Introduction
Healthcare workers (HCWs) have been at the forefront of the COVID-19 pandemic and have faced prolonged occupational exposure to SARS-CoV-2. Despite widespread implementation of infection prevention and control (IPC) measures, the persistence of the pandemic and its transition into more routine phases have raised concerns about sustained exposure risks and behavioral fatigue. Understanding how occupational and community exposure risks evolve over time, along with adherence to IPC practices, is essential for protecting HCWs and maintaining healthcare system resilience. This study addresses an important gap by prospectively examining exposure risks and IPC adherence among HCWs beyond the acute pandemic phase.
Study Design and Setting
This prospective observational study was conducted across four public hospitals in the Thessaly region of Greece, providing a representative snapshot of HCWs operating in diverse clinical environments. Data collection occurred at two time points—baseline (January–March 2022) and a six-month follow-up—allowing for temporal comparisons. By focusing on HCWs who reported contact with suspected or confirmed COVID-19 cases, the study targeted individuals with meaningful exposure risk, thereby strengthening the relevance of its findings to real-world clinical practice.
Assessment of Occupational and Community Exposure
Exposure risk was systematically evaluated using the World Health Organization’s standardized risk assessment questionnaire for HCWs. This instrument captured both occupational exposure, such as patient contact during routine care or aerosol-generating procedures, and community exposure outside the workplace. The consistent finding that nearly three-quarters of participants reported occupational exposure at both time points underscores the sustained nature of risk for HCWs, even as pandemic dynamics evolved.
Temporal Changes in Risk Classification
Among HCWs with occupational exposure, a significant increase in high-risk classification was observed over time, rising from 76% at baseline to 88% at follow-up.
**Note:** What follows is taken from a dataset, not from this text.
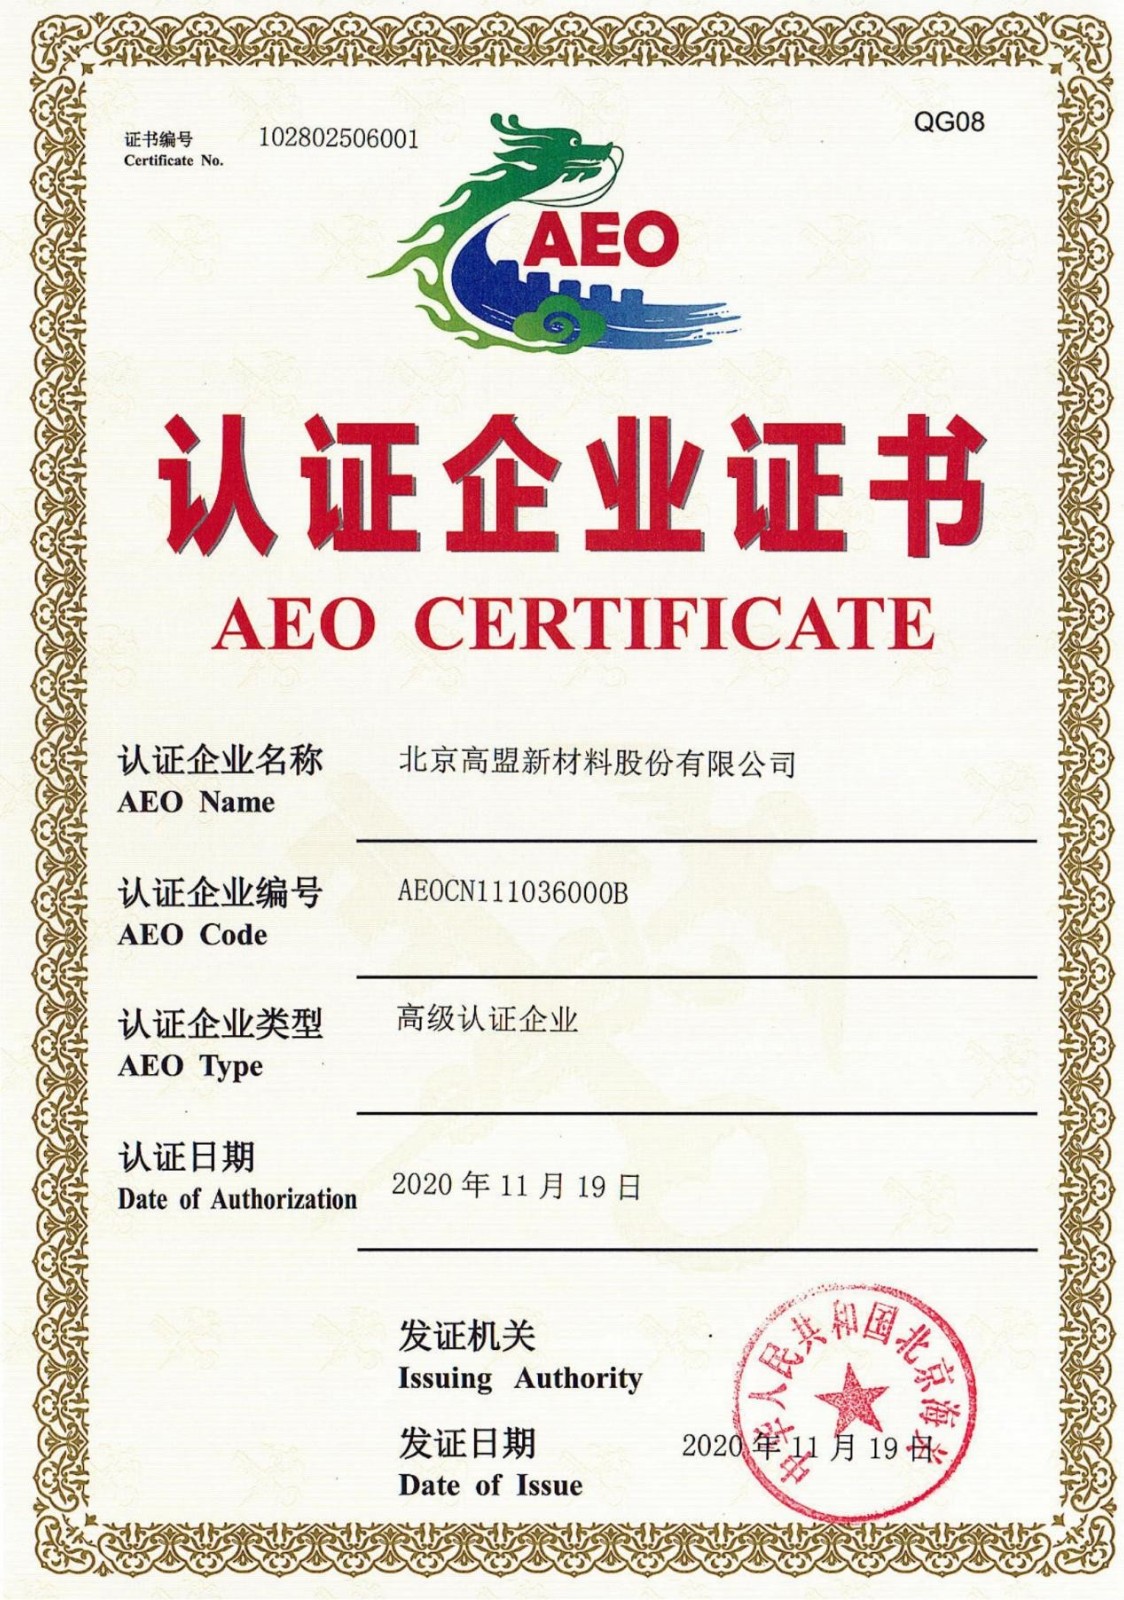 Comens becomes an AEO Senior Certification Enterprise

This shift indicates that although the proportion of exposed HCWs remained stable, the intensity or quality of exposure worsened. The more than twofold increase in odds of being classified as high-risk highlights a substantial effect size and suggests growing vulnerability, potentially linked to cumulative exposure, changes in work practices, or declining vigilance.
Professional Role and Differential Risk
The study revealed notable differences in exposure risk by professional role, with nurses consistently demonstrating higher risk compared with physicians. This disparity likely reflects the nature of nursing duties, which involve more frequent and prolonged patient contact, including close bedside care. These findings emphasize the need for role-specific risk mitigation strategies and targeted support for professional groups disproportionately affected by occupational exposure.
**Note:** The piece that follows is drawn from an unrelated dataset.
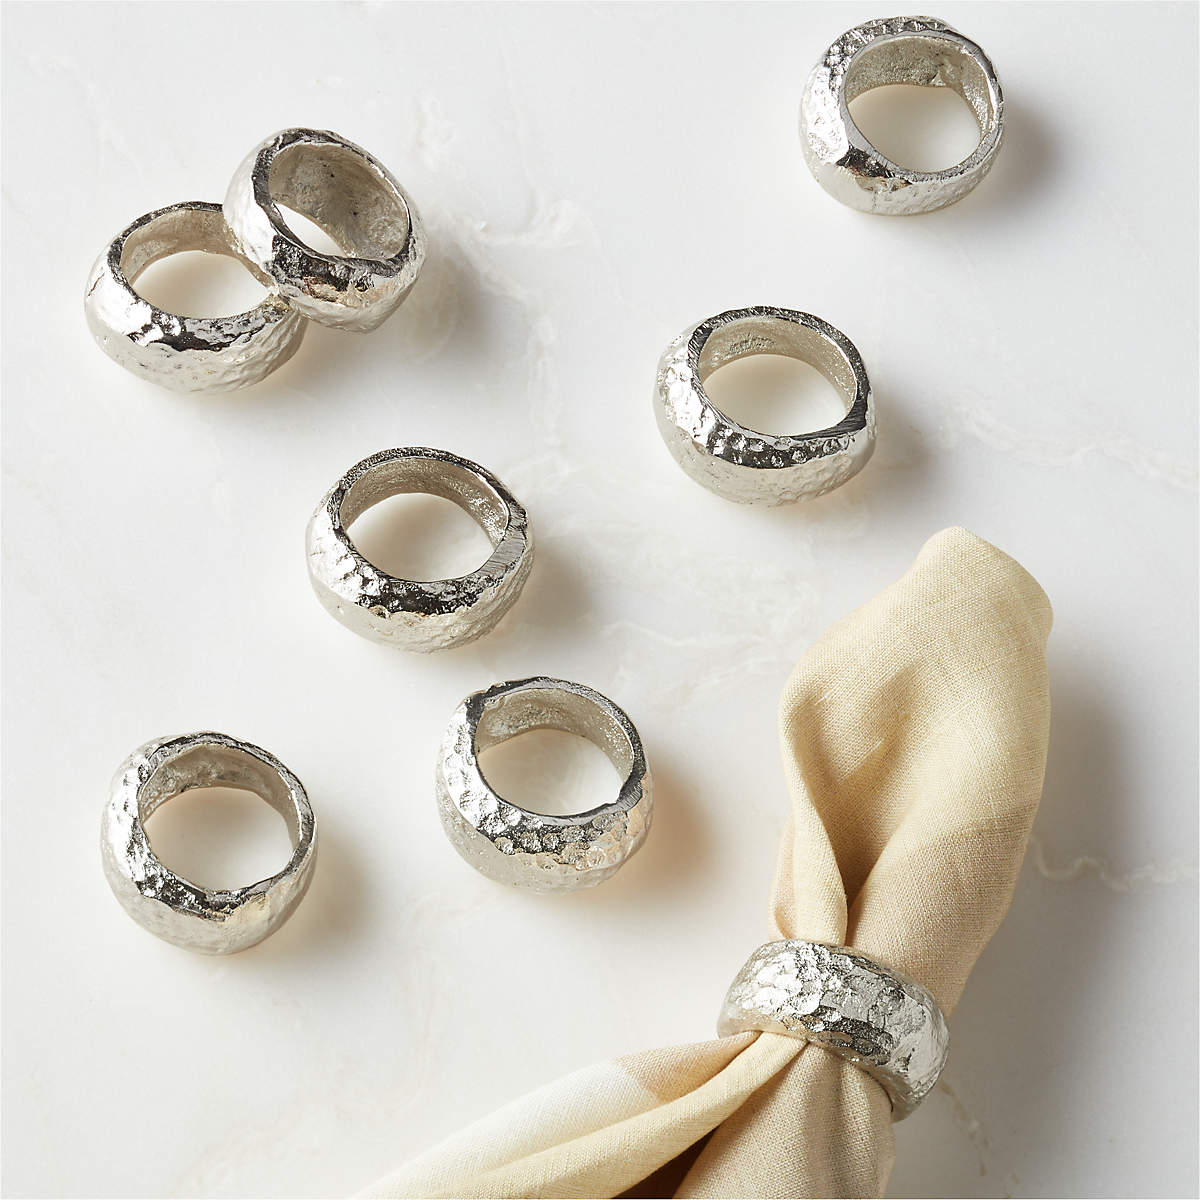 dynasty-pitted-platinum-napkin-rings-set-of-8.jpg

Adherence to Infection Prevention and Control Practices
While overall use of personal protective equipment (PPE) remained high throughout the study period, adherence to several critical IPC practices declined over time. Specifically, proper removal and replacement of PPE and routine decontamination of high-touch surfaces were less consistently followed at follow-up. This decline may reflect pandemic fatigue or normalization of risk, underscoring the importance of continuous training, monitoring, and reinforcement of IPC measures to sustain protective behaviors among HCWs.